- **EXERCISE AIM**
Return only the lines starting at the line that contains "organized by YALDA" and ending with the final line of the listing; include both endpoints.

** Opening EXERCISE INPUT block **

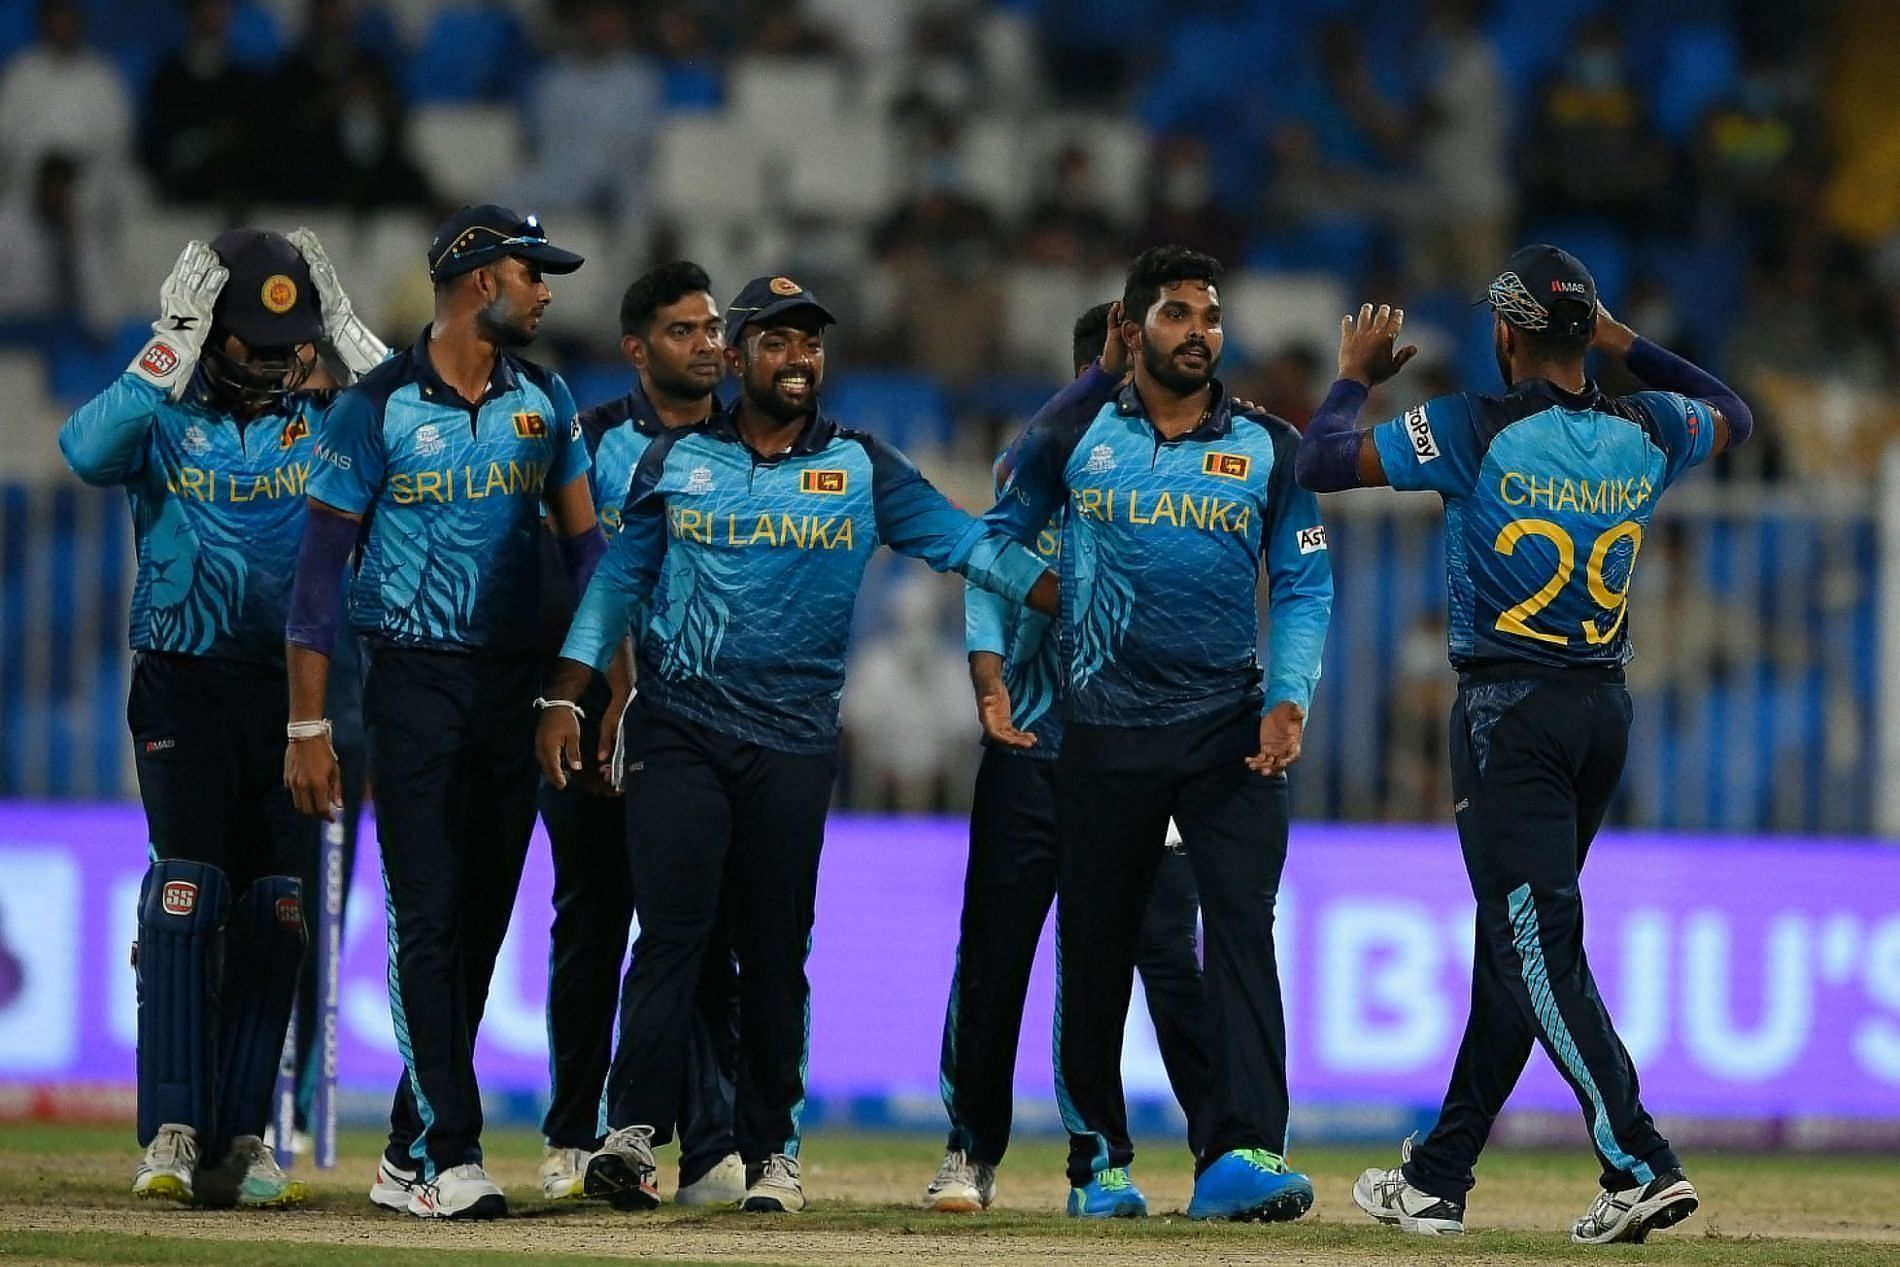 Sri Lanka proved too good for Netherlands. Pic: T20WorldCup/ Twitter
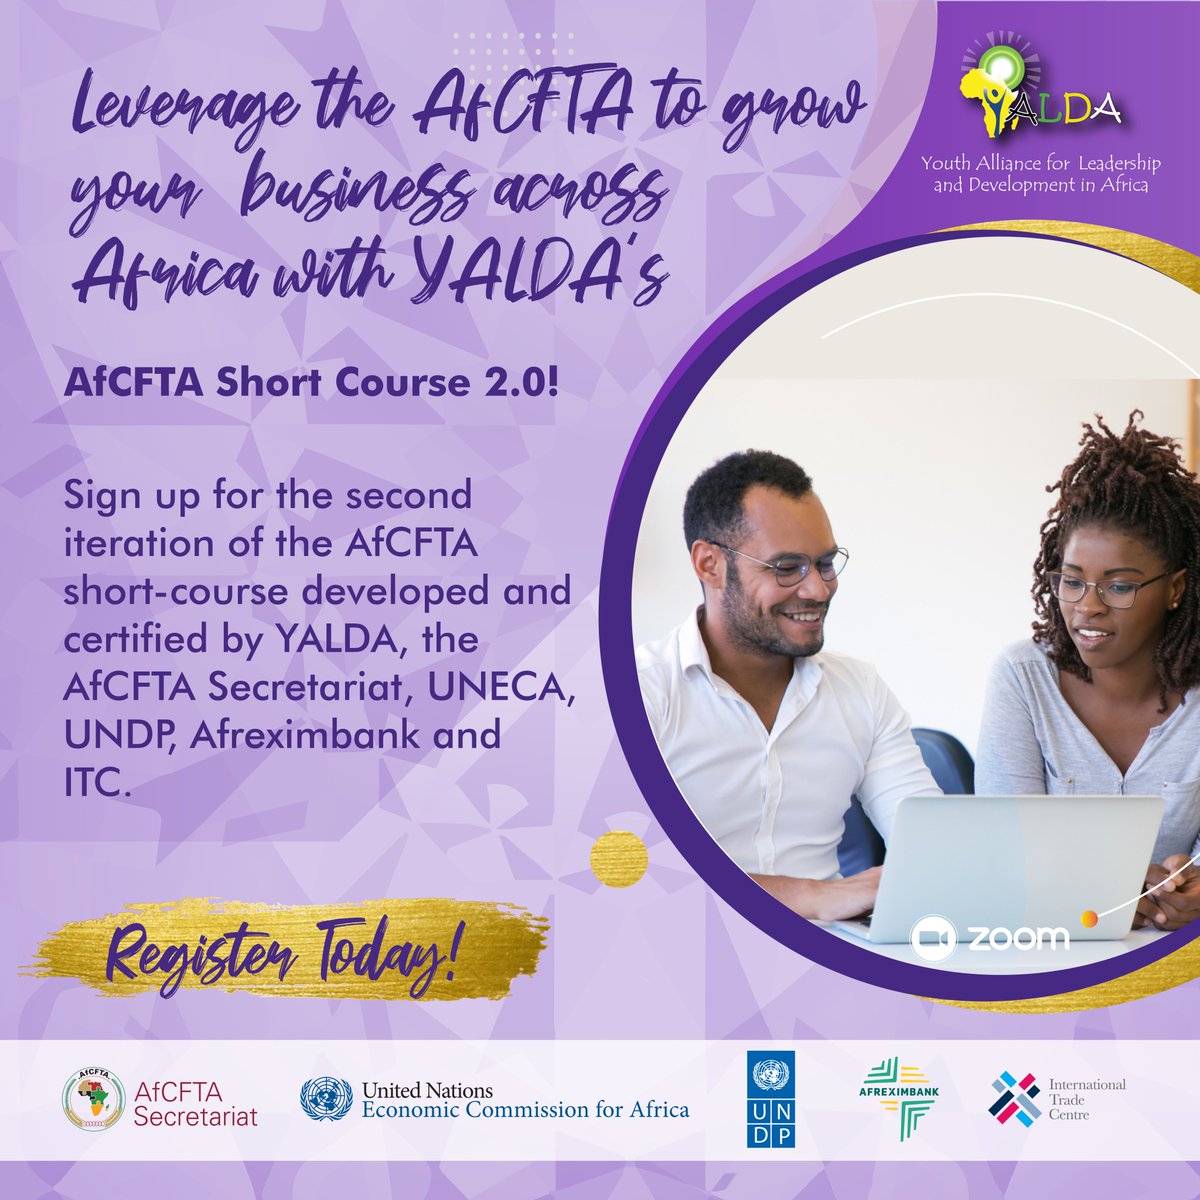 Ignite Your Potential with YALDA's AfCFTA📚 Short Course 2.0!
organized by YALDA & @ECA_OFFICIAL, @UNDPAfrica, @afreximbank, @ITCnews, @ITC_Youth.

Do you want to leverage the #AfCFTA to grow your business across Africa? 

📜Certificate upon completion
✍tinyurl.com/2p9u5hju

** Closing EXERCISE INPUT block **

- **TASK SOLUTION**
organized by YALDA & @ECA_OFFICIAL, @UNDPAfrica, @afreximbank, @ITCnews, @ITC_Youth.

Do you want to leverage the #AfCFTA to grow your business across Africa? 

📜Certificate upon completion
✍tinyurl.com/2p9u5hju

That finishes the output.